Semantic Networks
Semantic Networks
Semantic Networks
This document concerns the management of the output of insight
generators, the software agents utilized in the insight generation
systems. The solution to managing these reports involves the automatic
creation of a repository for all materials generated by various
insight generators; this repository allows the user to navigate
through this continually growing space of marketing reports, gaining
new insights about the relationships between items of interest
and adding new insights in the process. The goal of the system
is to make all marketing information and insights generated by
the man/machine interaction available to the user, so that there
is a convergence towards a “conservation of information”.
To use a geometric metaphor, the goal is to make the user equidistant
from all information at all times, as illustrated below.
The output of insight generators like I Want is paper; every time
the system is run, a paper report is produced. If the system were
run for every retail account in every market, it would produce
hundreds of reports. If similar insight generators focused on
other insights (distribution, variety, coupons, shelf space, prices,
etc.), the collection of agents would produce thousands of reports.
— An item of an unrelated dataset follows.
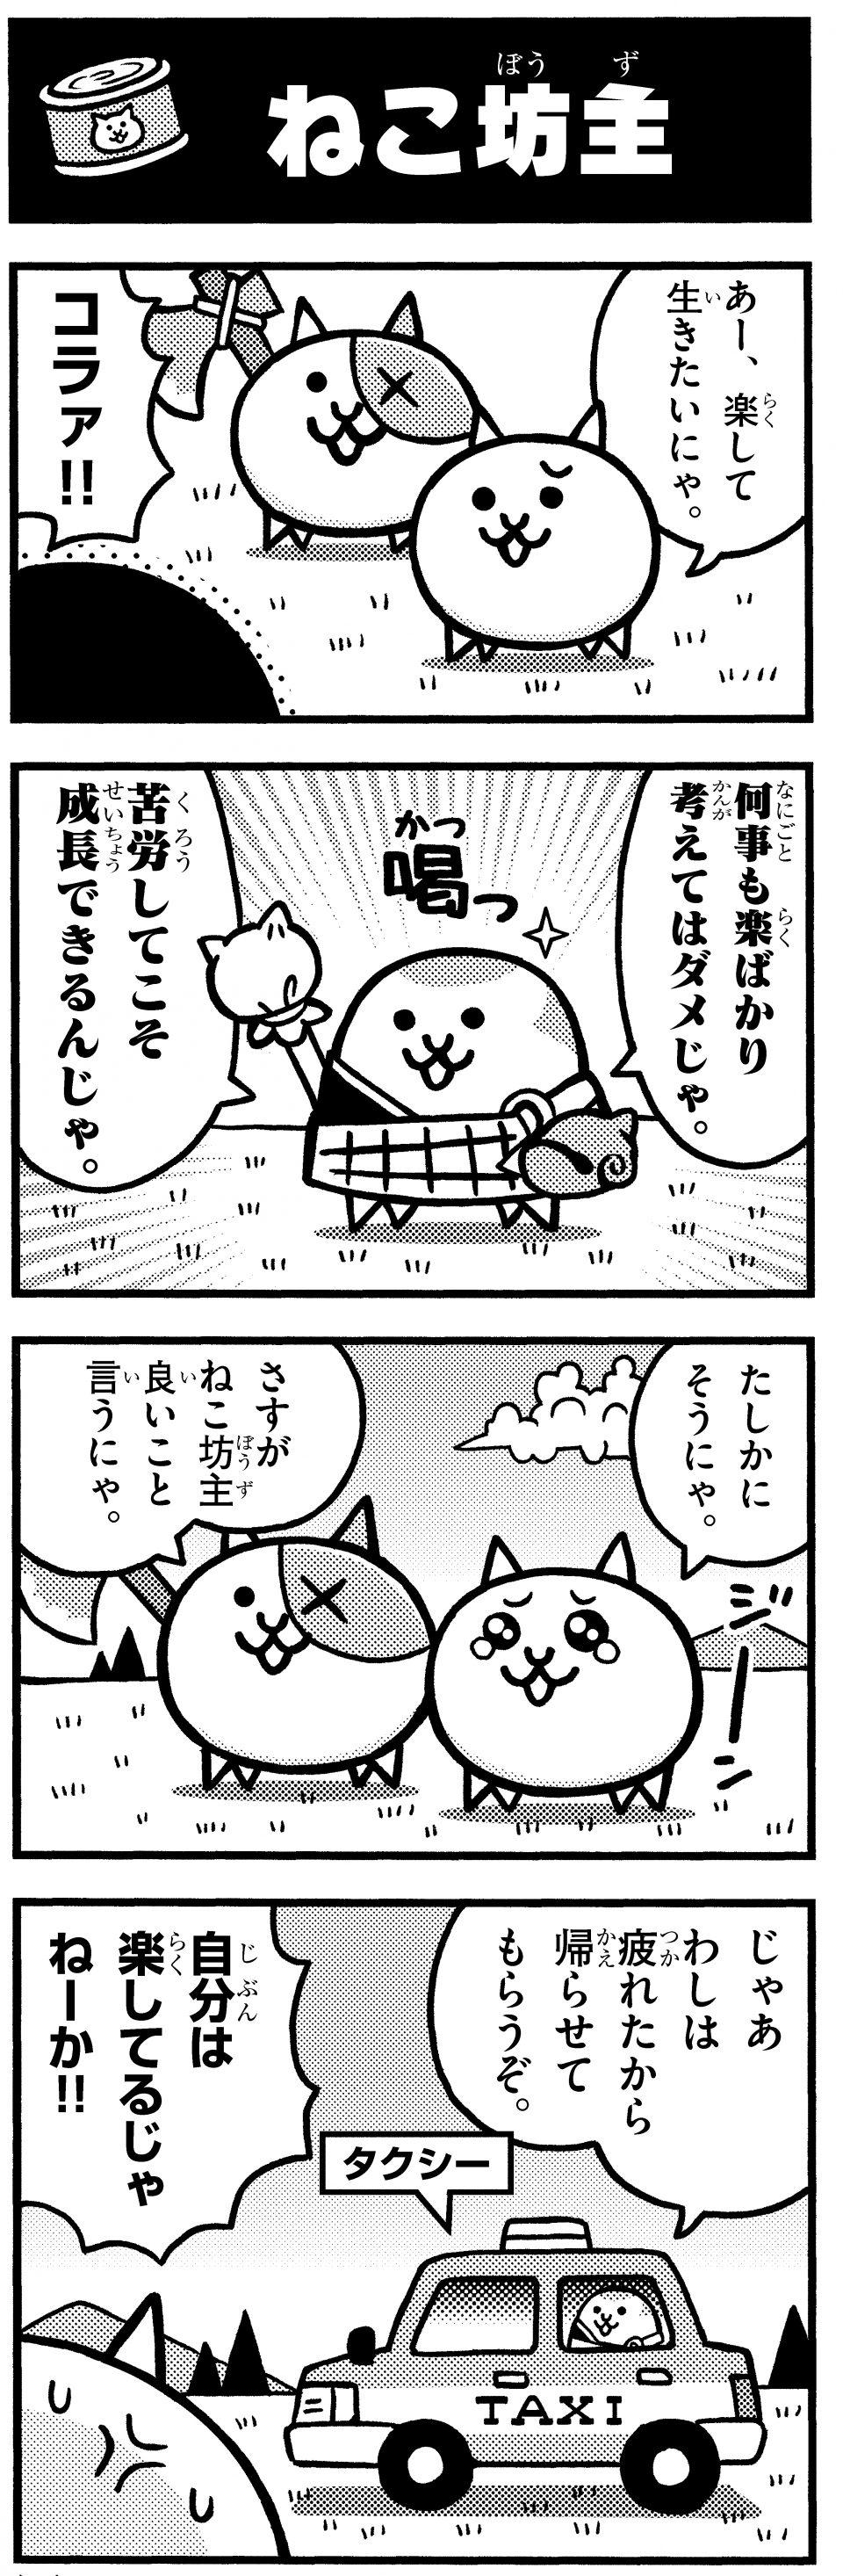 の ネコ 狂乱 巨神

If each agent were run for each brand item (each size, package
type, flavor, etc.), there could be many thousands of reports.
Finally, if all of the agents were run each month for all the
brands, then millions of reports could accumulate.
Further, these agents could be run for a firm’s competitors. The
system could be run backwards; that is to say, it
could be run from the perspective of the brand’s competitors in
a particular category. From this, the brand group could learn
where their brand is vulnerable to attack from competitors seeking
to take merchandising support away from it. Also, the sales force
could be informed where not to ask for more support, such
as in the instance where their brand is receiving far more feature
support than its volume share warrants. Such use of this system
can be called exposure analysis and it was further explored
in the Market Opportunity Inspector (MOI) prototype.
One approach to dealing with all of these insights is summarization,
which is explored in the Marketing Opportunity
Inspector (MOI) document. The MOI system assumes that an “I Want…”
system has been run for a brand in all accounts in all markets.
Each page of output corresponds to an exposure, an opportunity
or neither for the brand. MOI takes these and summarizes the number
and magnitude of the opportunities and exposures. The output of
the system is again a sheet of paper. MOI helps to generate insights
about a brand’s situation, by locating its strengths and its weaknesses.
The output of one insight generation system (I Want) became the
input of another insight generating system (MOI). In both systems
the output is a high-quality paper report. Insight generating
systems such as MOI are employed to summarize the lower level
information and pinpoint insights from this mass of textual output.
But, the summaries themselves also add to the ever-growing output
and must also be made available to users.
A second approach to the problem of insight management is to manage
the output itself as a sort of library of information known
about the brand. This library would be part of a system that manages
information and insights that are in the form of compound documents,
i.e. pictures and text, that goes beyond a strict hierarchical
arrangement. The user needs to be able to move in multiple directions
from any vantage point and create hierarchies as needed. The information
needs to be arranged in a structure that follows the intrinsic
relationships between the context of the reports and their contents.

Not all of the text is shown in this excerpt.